In any case, the light made it easier to see my host. Silver-haired but not that old. Perhaps late for
ties or early fifties. He had kind of a wolfish look about him and this sense of banked power. “Stand down, Mallory. There will be no violence here, from anybody.”
“She needs to learn some respect.” Mallory still clearly felt “all up in my grill” was where things were at.
Fisher curled his fingers into his palm like a kid crushing a butterfly and Mallory’s fire whoomfed out. “She is not the one forgetting her place.”
I figured it was a good idea to sit back down. I’d never seen a mage turn off somebody else’s power like that, though with Nim it might have been a courtesy thing. Still, to be on the safe side I was putting Fisher firmly in my do-not-fuck-with category.
“Now, perhaps I can make my case.” Fisher shifted slightly in his chair, making the leather creak. “Your Queen is young and, worse, she is in the middle of a war. Bring the Tears to her and she will be forced to use them as a weapon.”
I didn’t believe for one second that Nimue would do anything to threaten her city. Then again, Arty King might not leave her any choice. “And you’d be so much better?”
He reached over and switched on a lamp. There was something off about the way he moved, too stiff and too careful. When I could see him clearly, I realised he was bleeding. I realised he was bleeding quite a lot. His jacket was soaked through on the right hand side, as if he’d been stabbed or shot somewhere he shouldn’t have survived being stabbed or shot. At least that explained the smell.
“Um,” I said. “You really want to get that looked at.”
“You see why I need the artefact.”
“I see why you need to go to a hospital.”
Fisher folded his arm back over the wound. “It is older than it looks and it will not mend on its own. The Tears will heal it.
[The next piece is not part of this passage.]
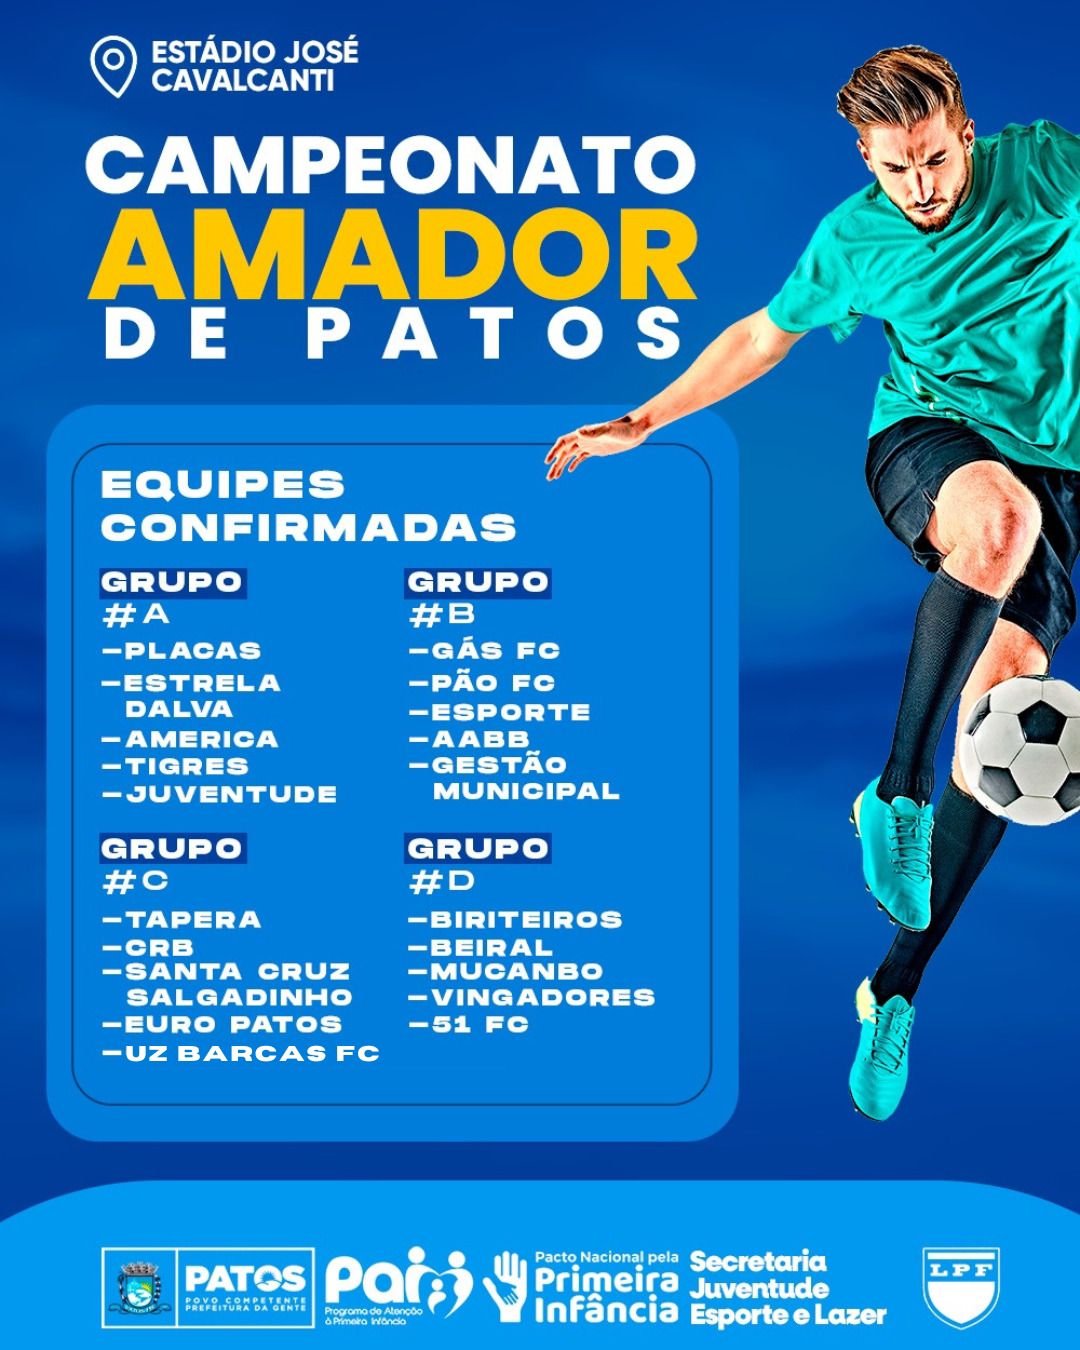 Campeonato Amador de Futebol de Patos inicia nesta terça (14), às 18h, no José Cavalcanti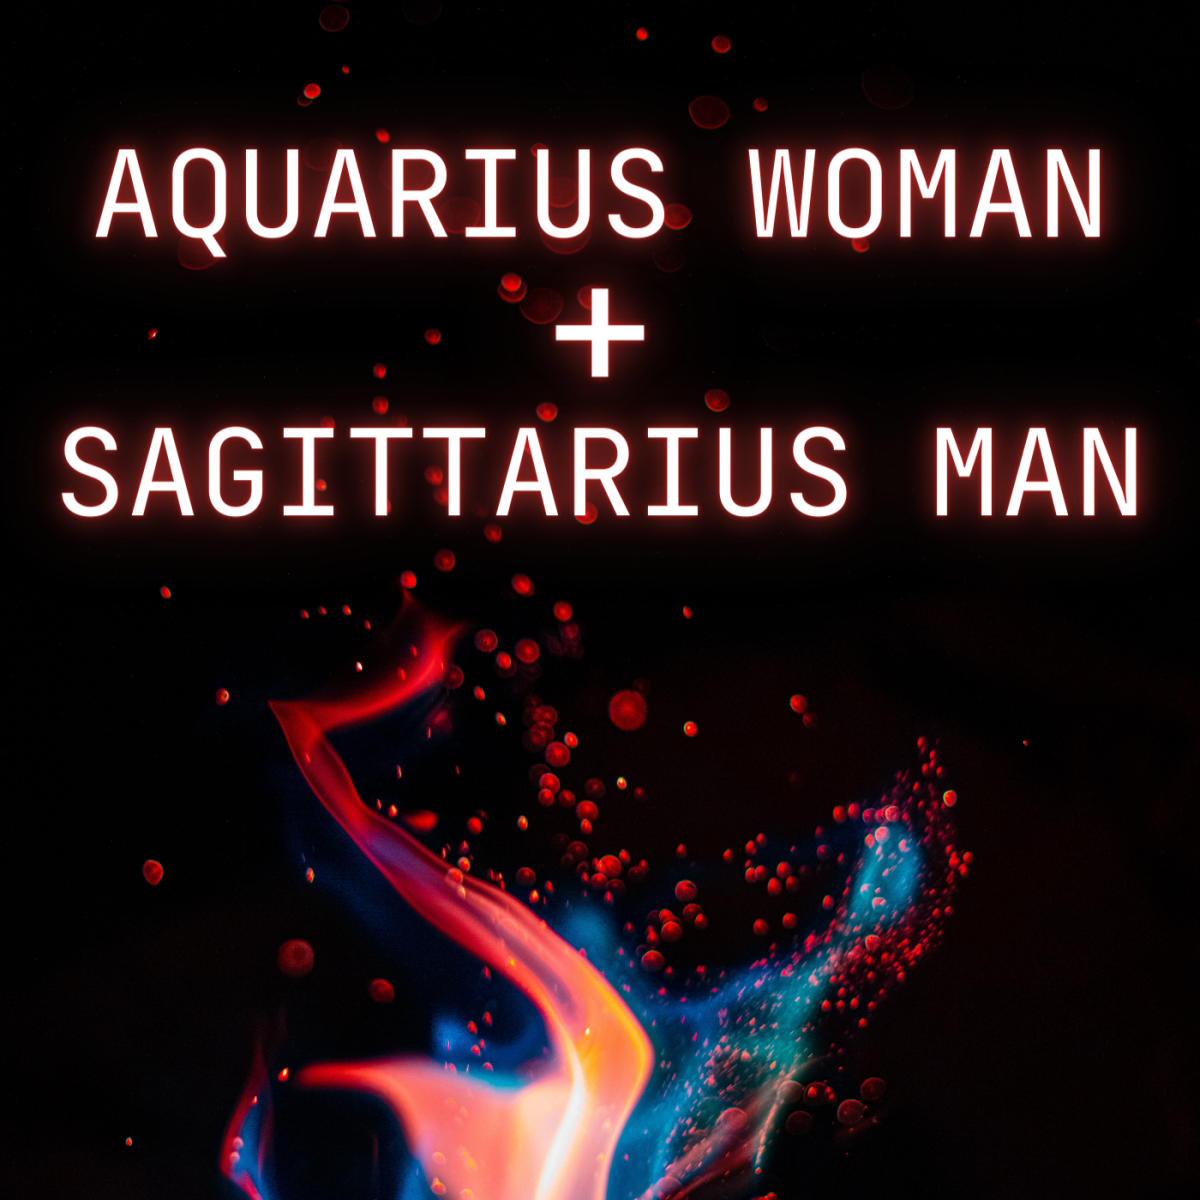 Sagittarius Man and Aquarius Woman

Little else can.”
Needless to say, I wasn’t sure what to make of this. It could have been a really elaborate bluff, but a bluff that involved either mortally wounding yourself or finding a way to fake an injury so completely that you could fool the daughter of the Queen of the Wild Hunt was one step too elaborate. Even for the sort of man who dragged you off the street to talk mysteriously at you from the shadows.